7.5 Claim 25 is based in Claim 39 as originally filed with the addition of the features taken from original Claims 7 and 11 or 23 and of the feature "of less than 40 Coresta for sufficiently reducing ignition proclivity".
7.6 Dependent Claims 2-8, 10-12 and 14-24 respectively correspond to granted Claims 3-6, 8, 10, 11, 13-15, 18-22 and 24-29, and are based on, respectively, original Claims 17-20, 22, 33, 24, 12-14, 27-31 and 33-38.
7.7 Therefore, in the Board's judgement, the claims of the First Auxiliary Request comply with Article 123(2) EPC.
8. Other formal requirements
No further formal objections against the amended claims at issue were raised. The Board sees no reason for raising formal objections against this set of claims.
First Auxiliary Request - Novelty
9. The opposing parties maintained a novelty objection based on E114 against Claim 1 of the First Auxiliary Request. In particular, they considered that the feature "treated areas having a permeability of less than 40 Coresta" was also disclosed in combination with the other features of Claim 1 at issue in Example 10-G of E114. This was disputed by the Respondent.
9.1 In Example 10-G of E114, a paper H having a permeability of 71 Coresta (hence > 60 Coresta) is coated with a composition comprising 21.36 weight percent of Flokote-64 starch (national Starch Berkeley CA) in order to form bands of reduced permeability, thus of reduced IP.
9.2 The permeability of the bands formed on paper H is not mentioned in E114. The opposing parties relied, however, on the statement in Paragraph  reading "Article 10-A, utilizing base paper A, had a measured band of permeability of about 5 CU", on the permeability value of 18 CU given for base paper A (Table 1) and on the general disclosure of E114 (Claim 65, paragraph  and Tables 8 and 9. On that basis, they argued that the 70% reduction in band permeability achieved for paper A (from 18 to 5 CU) was also inevitably obtained for paper H, in line with the general teaching of E114. Hence, the permeability of the bands (treated areas) formed on base paper H (71 Coresta) was (implicitly) less than 40 Coresta. Consequently, Example 10-G was novelty destroying.

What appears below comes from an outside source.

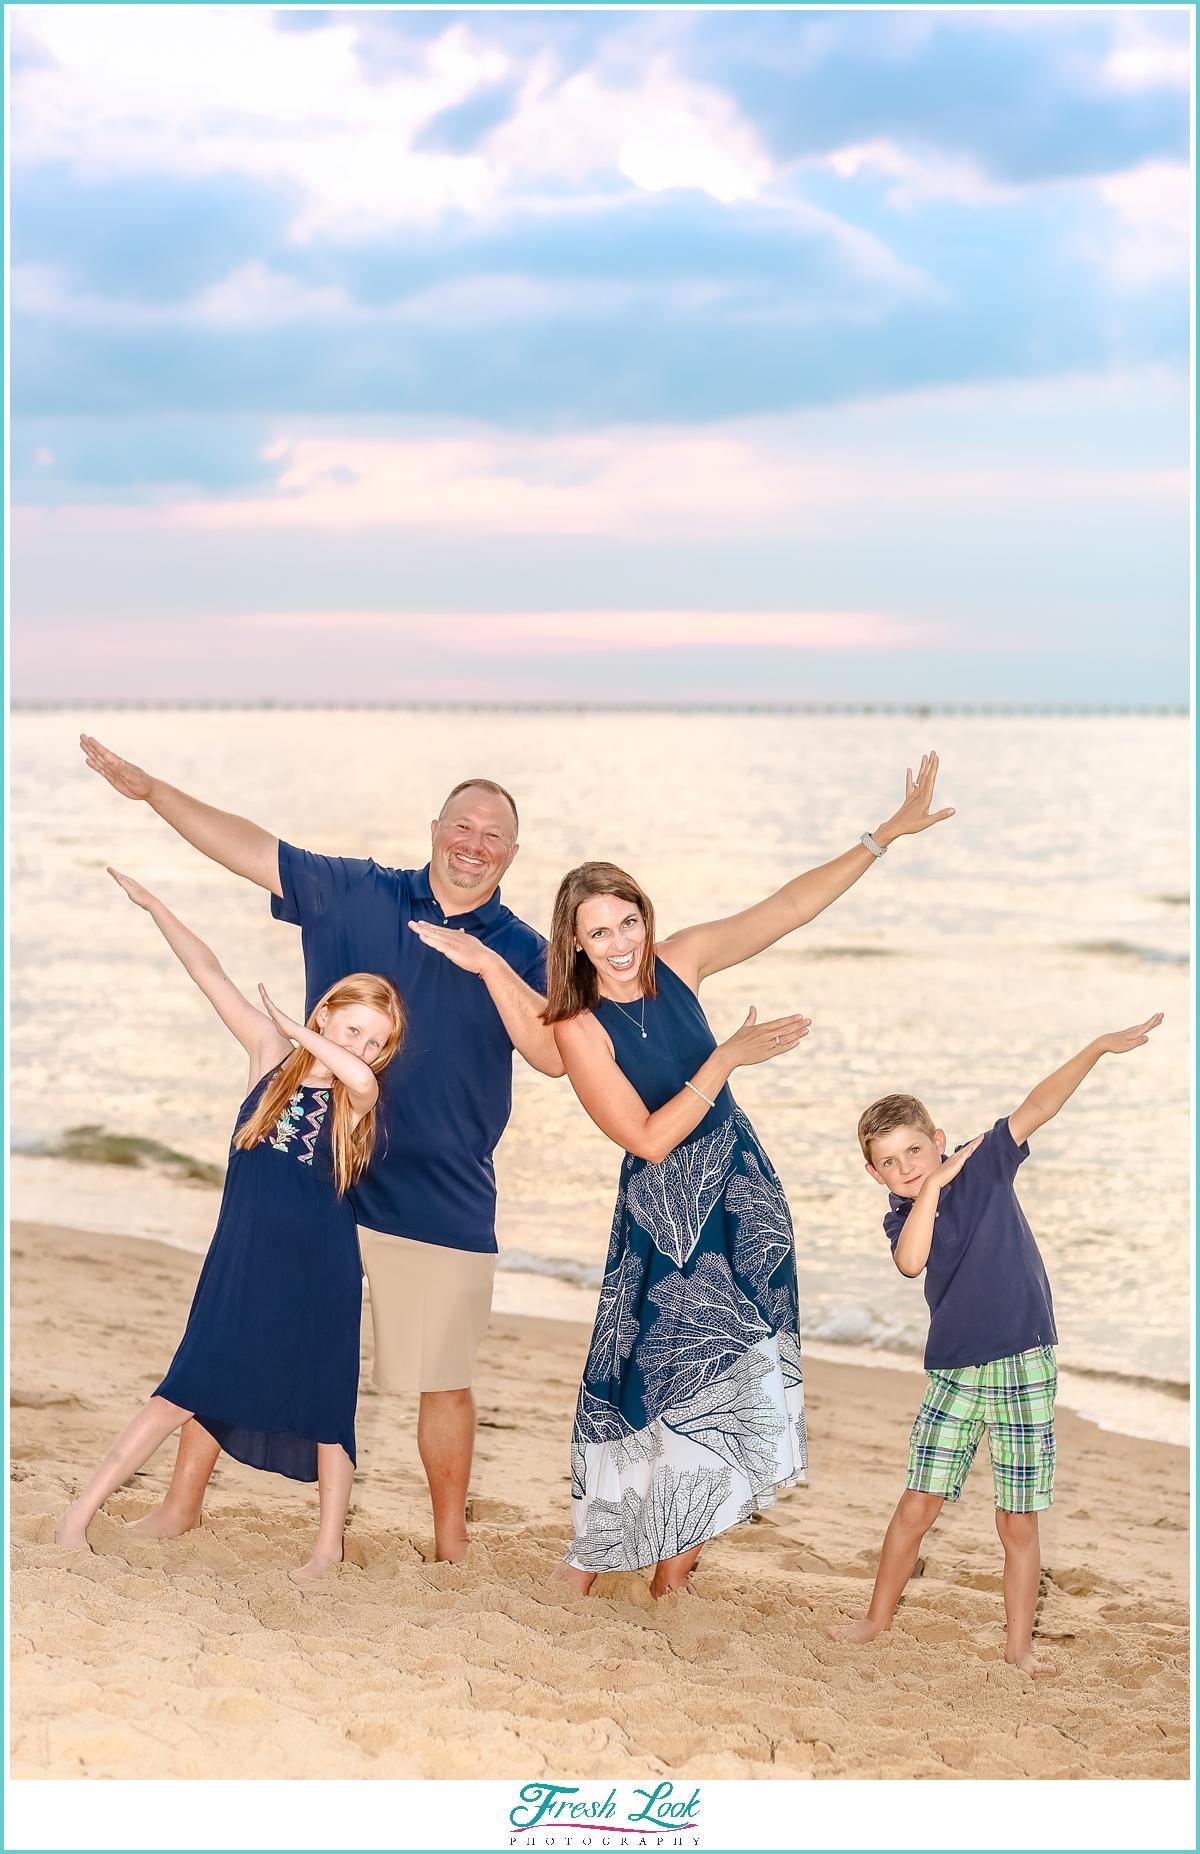 funny family photo ideas

9.3 The Board is not convinced by this argument for the following reasons:
9.3.1 According to Paragraph  (first sentence) of E114, "The IP and freeburn data in Table 18 demonstrate that at constant applied band composition, and application method, results may vary depending on the structure of the base paper. Articles prepared from the higher permeability papers, 10-E and 10-H (sic), showed lower IP pass rates than articles 10-A through 10-F. Applicants believe that increasing the applied amount of the composition will increase the IP pas rate for higher base paper permeability types such as 10-E and 10-G).".
9.3.2 For the Board, it follows from these statements
- that Example 10 concerns the application of the same bands on base papers of different permeabilities, Example 10-G concerning paper H with a permeability of 71 Coresta; and,
- that the constant band composition applied on papers of different permeabilities does not produce the same IP pass rate, hence does not produce the same band permeability.
9.3.3 Also according to paragraph  (first and second sentence), the application of the constant band composition to base paper A, perforated to have a permeability of 70 Coresta, resulted in bands having a permeability of 57 Coresta, i.e. higher than the maximum value required by Claim 1 at issue).
9.3.4 Hence, for the Board, E114 does not even implicitly disclose unambiguously that a reduction in permeability of 70% will necessarily be achieved when banding the base paper.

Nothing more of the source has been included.